In 2017, Boston Realty Advisors secured a loan that will allow them to completely develop the area of the old Balfour building into a Class A apartment complex that will have 193 units and 11,500 square feet of retail space. This mixed-use zoning / development allows for one development to house different functions—the new building on 21 East Street will have a gym, restaurant, retail space, and shuttles to MBTA stations in addition to the apartments. This transit-oriented development places residents close to public transportation, which reduces travel times. Both the mixed-use development and the transit-oriented development combat urban sprawl, which is all too common in the Boston–Providence suburbs. The new apartment complex will not only bring large amounts of tax revenue to North Attleboro, but create new Class A, a type of luxury apartment, that will bring in high-income tenants.

Though this infill of an old, abandoned building is beneficial in many ways and a useful response to blight occurring in the town, an oversight by planners and developers regarding the drainage of a swamp that used to exist beneath U.S. Route 1 shifted environmental burdens towards neighboring, lower-income households. The new building at 21 East Street has shifted drainage and flooded nearby homes, according to residents.
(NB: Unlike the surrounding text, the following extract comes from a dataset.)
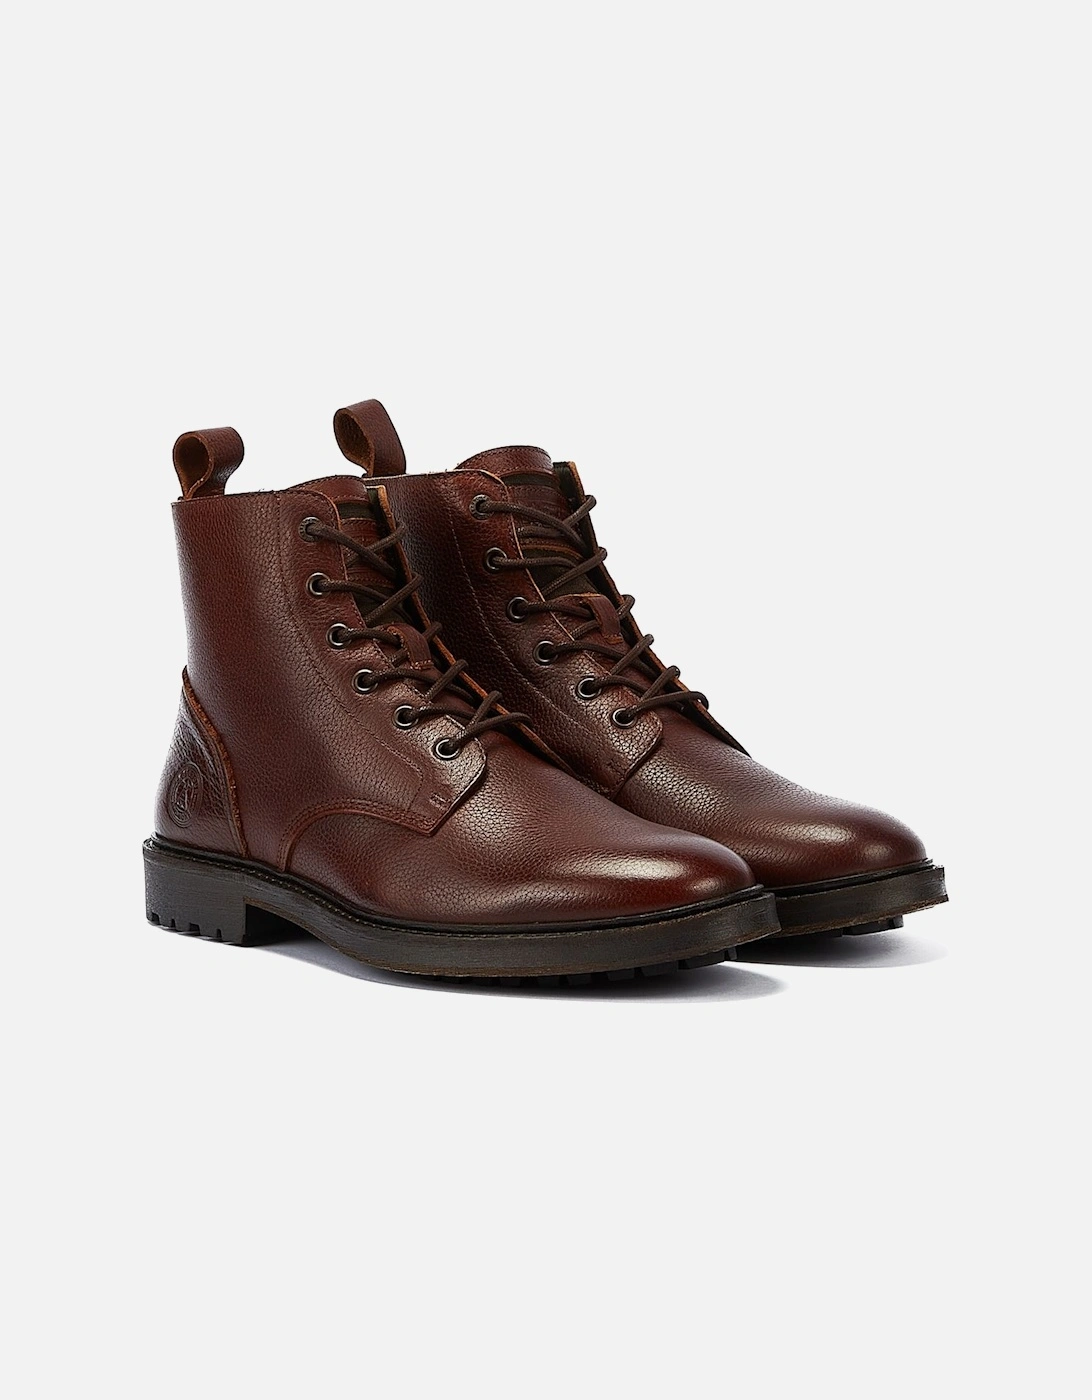 Heyford Men's Chestnut Boots, 9 of 8

In spite of these complaints, the city gave the developers permission to open two of three buildings, while they have sixty days to address the drainage problem; this issue raised concerns and questions about the role of municipal governments in overseeing such large and impactful projects.

==Notable people==

- Aaron Hernandez, former New England Patriots tight end and convicted murderer
- Allen Ripley, professional baseball player
- Anthony Sherman, professional football player
- Chris Sullivan, former defensive end for the New England Patriots and the Pittsburgh Steelers
- Colin Grafton, Team USA figure skater, 2012 National bronze Medalist, 2012 Junior World Team Member
- Elizabeth Poirier, Republican politician in the Massachusetts House of Representatives representing the 14th Bristol district from 1999-2021
- Frank C. Whitmore, organic chemist
- Jeff Sutherland, computer scientist and cofounder of Scrum
- Jerod Mayo, former head coach, former linebackers coach, and former linebacker for the New England Patriots
- Joseph W. Martin Jr., Republican US representative, Speaker of the House of Representatives; J.W. Martin Elementary School is named in his honor
- Kara Corcoran, military officer
- Steve Pearce, professional baseball player
- William J. Maguire (1916–1997), politician who served in the New Jersey General Assembly from 1976 to 1982
- Will Levis, professional football player for the Tennessee Titans, lived in North Attleborough until he was seven years old

==In popular culture==
- Right There, an award-winning 2013 silent comedy film, was filmed in downtown North Attleboro.
- In How to Marry a Millionaire (1953 film starring Lauren Bacall and Marilyn Monroe) one of the ladies' dates mentions his aunt is from North Attleborough, Massachusetts.